Ils sont situés dans des régions montagneuses :
- Au pieds du puy de Sancy dans le Département du Puy de Dôme pour la Landie
- Pour Virieu, au pieds du Grand Colombier dans le Département de l’Ain
Pour les deux les conditions climatiques peuvent être assez rudes. Ils sont tous les deux des plans d’eau naturels:
- lac alimenté par des ruisseaux, en bordure d’une tourbière pour la Landie
- Etang situé sur l’ancienne vallée glaciaire du Rhône, alimenté par des sources pour Virieu-le-Grand
Bien que de superficies très différentes :
- 33 ha pour la Landie
- 4 ha à Virieu
Les deux lacs ont en commun une profondeur assez importante, par rapport aux autres réservoirs (environ 15 mètres max dans les 2 cas), ce qui peut déstabiliser les non-habitués, surtout quand on envisage de pêcher au streamer, au beau milieu du lac.

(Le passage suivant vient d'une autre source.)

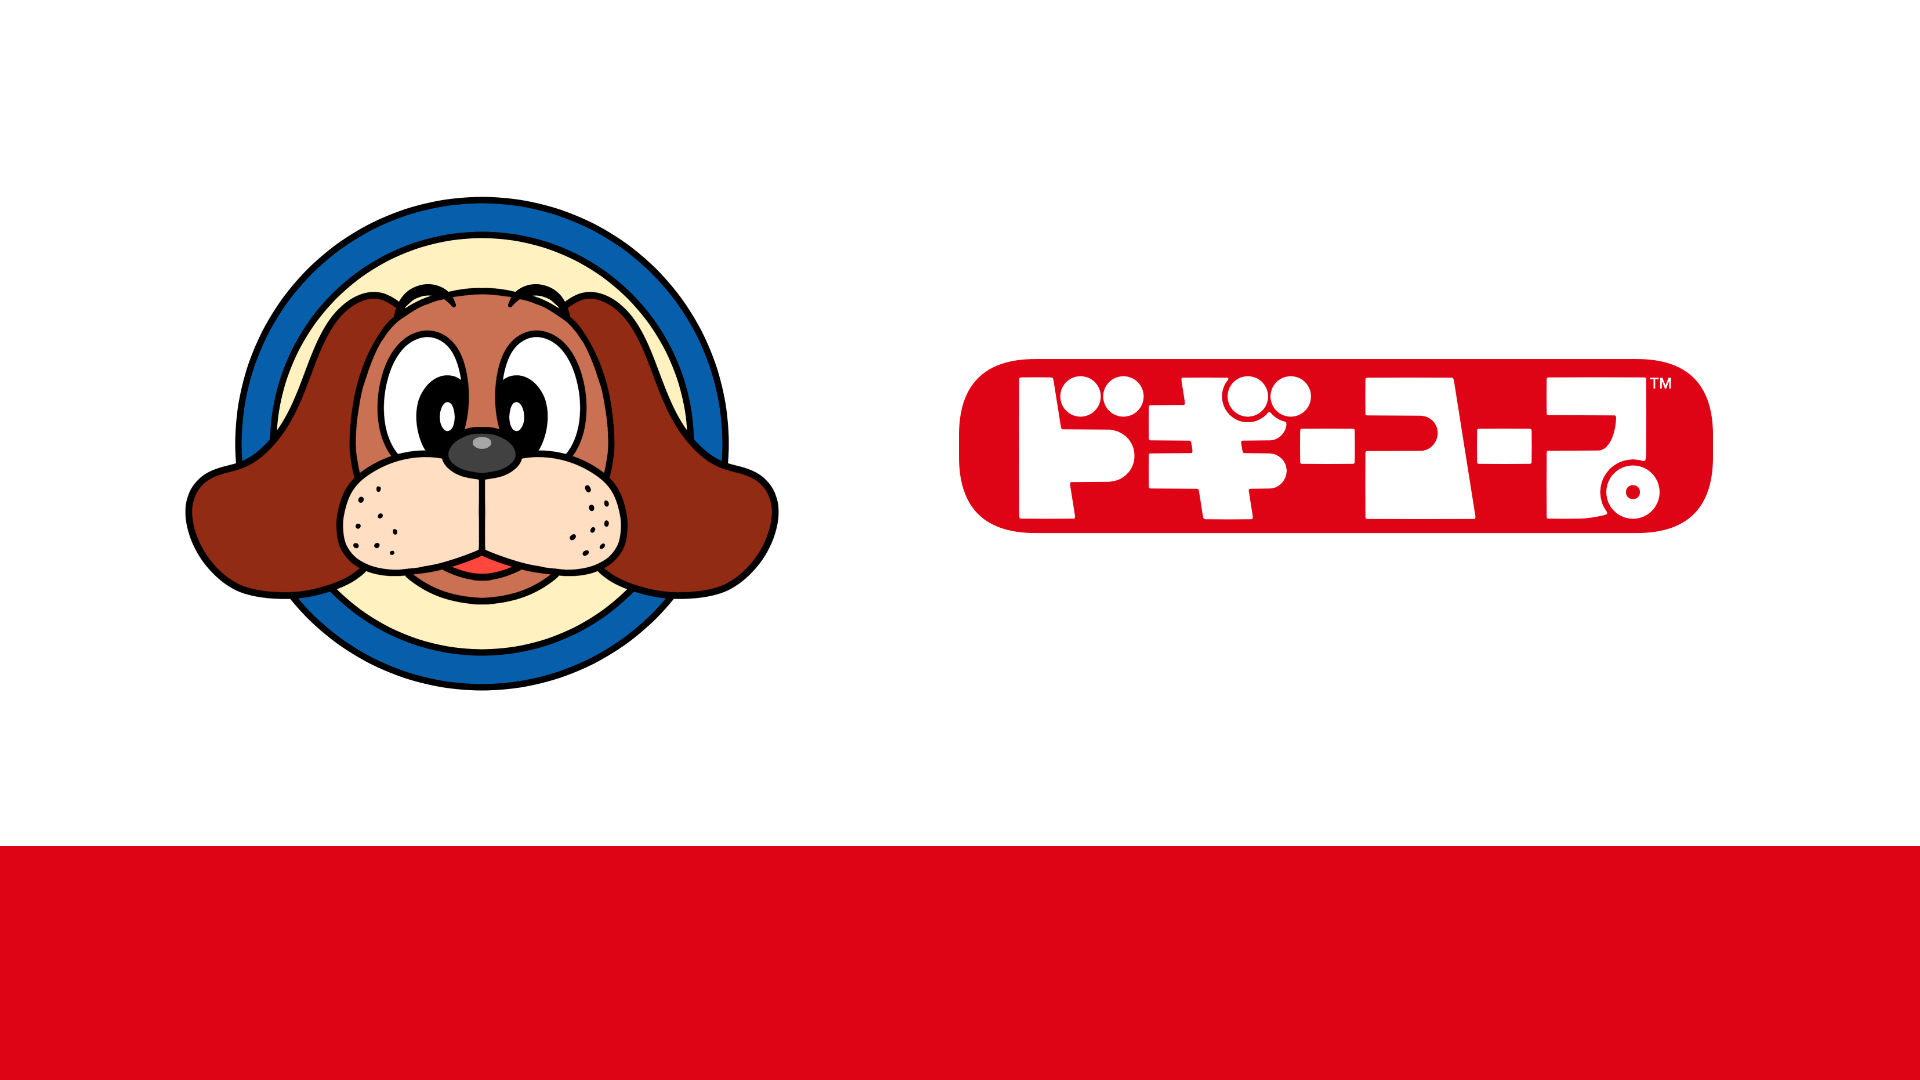 logo-doggy.jpg

Au chapitre des différences, la plus évidente est la superficie, mais à mes yeux la différence de couleur de l’eau l’est tout autant:
- A la Landie on est sur une eau de tourbière, à la couleur de thé (ou de vieux whisky) très intense. Dans ces conditions la pêche à vue est quasiment impossible, sauf sur les truites aquabonitas (jaunes) qui rodent sous la surface ou en pêchant tout prêt des roselières dans très peu d’eau. A la Landie il faut plutôt s’appliquer à rechercher les signes d’activité des poissons (gobages, sauts, marsouinages).
- Les eaux de Virieu sont cristallines (« putaing ! on pêche dans de l’évian con! ») ce qui fait de ce lac l’endroit rêvé pour les pêches fines à vue. L’inconvénient majeur étant que si on les voit, elles nous ont vu aussi, et depuis longtemps.
Pratiquant la pêche à la mouche dans ces deux réservoirs depuis plusieurs années, je trouve que l’approche que j’ai pu développer n’est pas très différente pour l’un ou pour l’autre. Il faut beaucoup observer, réagir rapidement, savoir s’adapter et ne pas partir avec trop d’idées préconçues, ça peut être fatal (le capot n’est alors jamais très loin).
Conseils pêche à la mouche en sèche sur la Landie et Virieu le grand
Mais avant il me semble bon de vous partager quelques informations sur le réservoir de la Landie.
Quelques conseils pêche à la mouche pour le réservoir La Landie selon les conditions du vent.
Voici le plan du réservoir de La Landie que vous pourrez retrouver au Lodge, au dessus de la table montage de mouche, vous conseillant les zones de pêche à la mouche selon les orientations du vent.
Quelques conseils pour la pêche à la mouche selon le sens du vent
Vent du Sud:
En raison du relief, il se forme une poche de surface calme au centre du Lac de La Landie. Les débris végétaux y sont nombreux. De bon secteur difficile à pêcher à cause des tourbillons aériens. La bordure est à surveiller de près car c’est le point de chute de plusieurs variétés de coléoptères terrestres.
Les bonnes zones: Amazonie,La tourbière et proche du Lodge
Vent d’Ouest:
C’est l’orientation la plus favorable pour la pêche à la mouche. Le plateau situé devant le lodge, au départ du vent est très productif, mais les dérives centrales ne doivent pas être ignorées.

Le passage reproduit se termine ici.